Elle y expose les difficultés de chiffrer l’ensemble des coûts supportés par ces dispositifs et l’essor des filières d’immigration clandestine à des fins médicales.

Les dépenses, en augmentation, se révèlent plus importantes qu’affichées et les données relatives aux bénéficiaires ou aux soins trop souvent inaccessibles.

Interrogée dans Marianne, elle déclare :

[N]ous ne connaissons pas précisément la dépense pour soins dont bénéficient les étrangers en situation irrégulière et les demandeurs d’asile dont la grande majorité sera déboutée. Le montant de la dépense dépasse la dépense affichée pour la seule aide médicale d’État (AME). J’ai tenté de déterminer le coût exact de cette prise en charge médicale. Je me suis rendu compte que pour en avoir une idée réelle, il serait nécessaire d’additionner la dépense des onze dispositifs existants prenant en charge les migrants. Je n’ai pu en chiffrer que six. J’arrive à 1,5 milliard d’euros en 2020, soit un montant supérieur de près de 60 % au coût de la seule AME. Il en reste donc cinq autres dont le montant n’est pas connu.

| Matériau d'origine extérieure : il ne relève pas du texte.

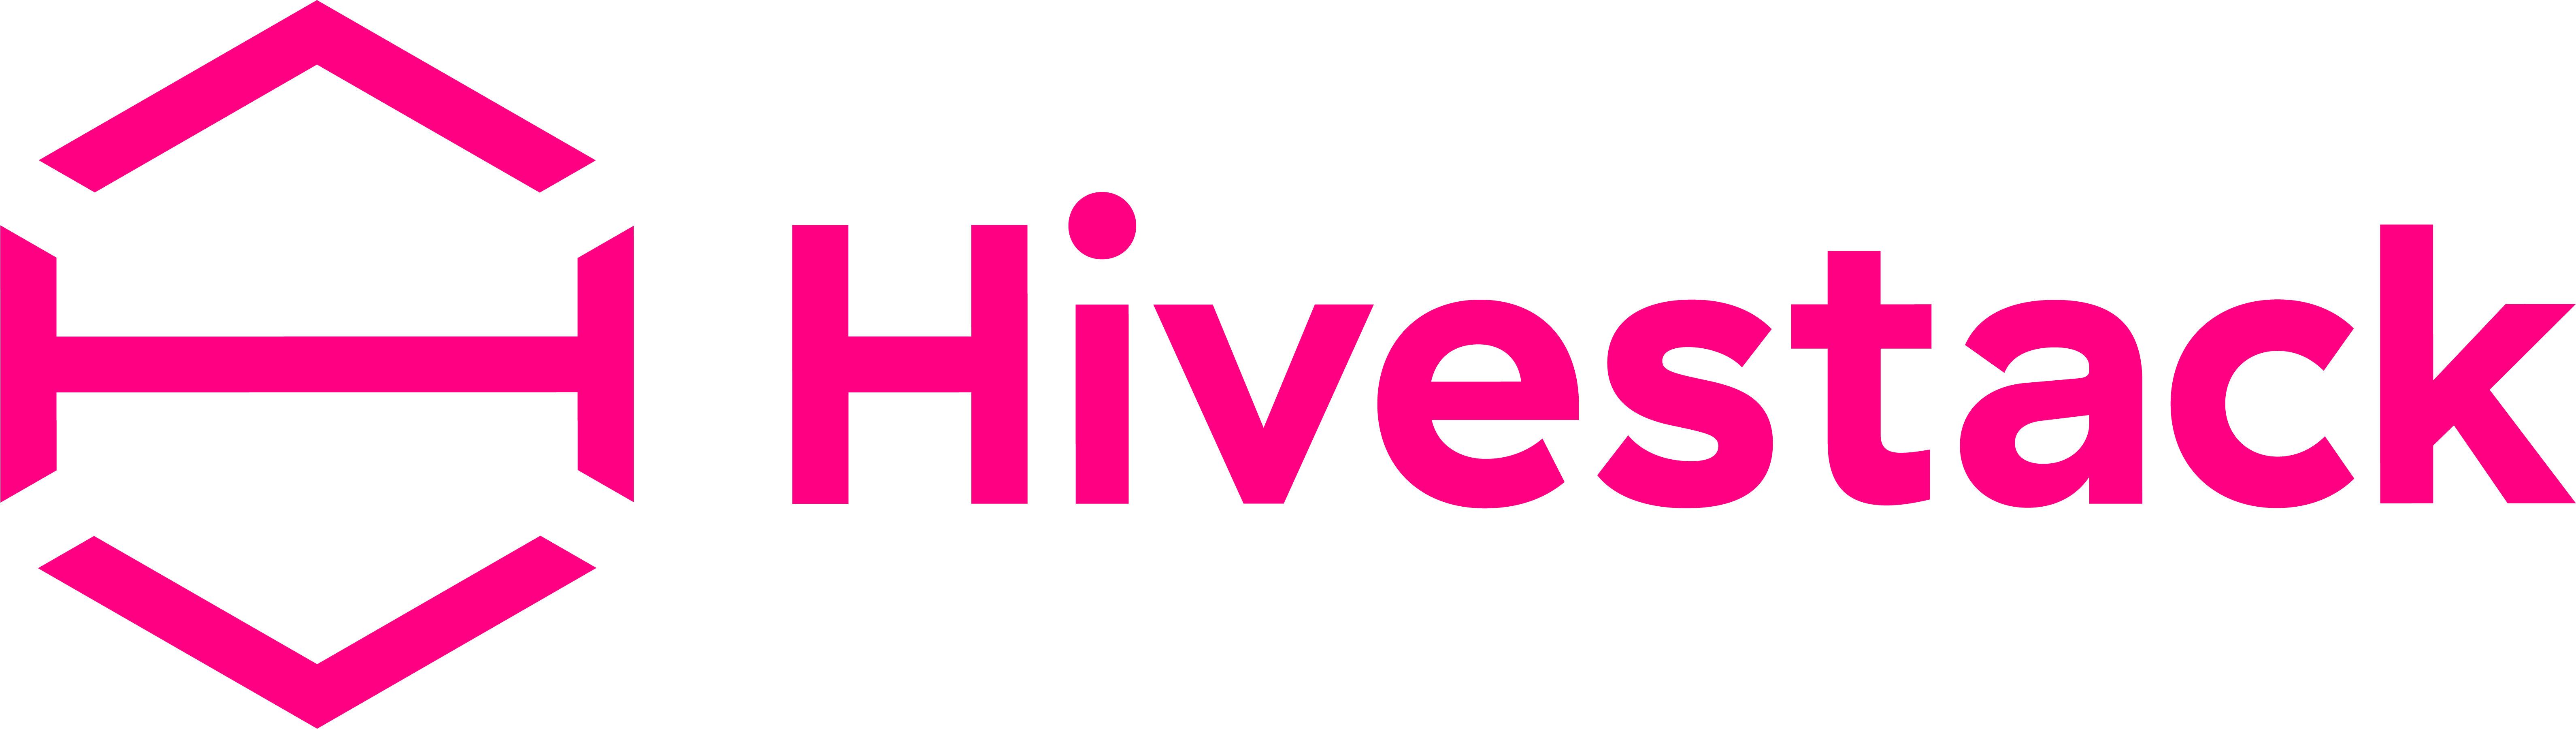 Hivestack_logo_ENG-05

Qu’est-ce qui rend le chiffrage de ces cinq dispositifs difficile, voire impossible ?

Ces cinq dispositifs sont l’admission au séjour pour soin géré par l’Office français de l’immigration et de l’intégration (OFII) dont bénéficient plus de 30 000 personnes actuellement, les soins en détention, les dépenses publiques pour les équipes mobiles pour soin, les Samu sociaux et les crédits d’impôt pour des dons à des associations soutenant les soins en faveur des étrangers en situation irrégulière.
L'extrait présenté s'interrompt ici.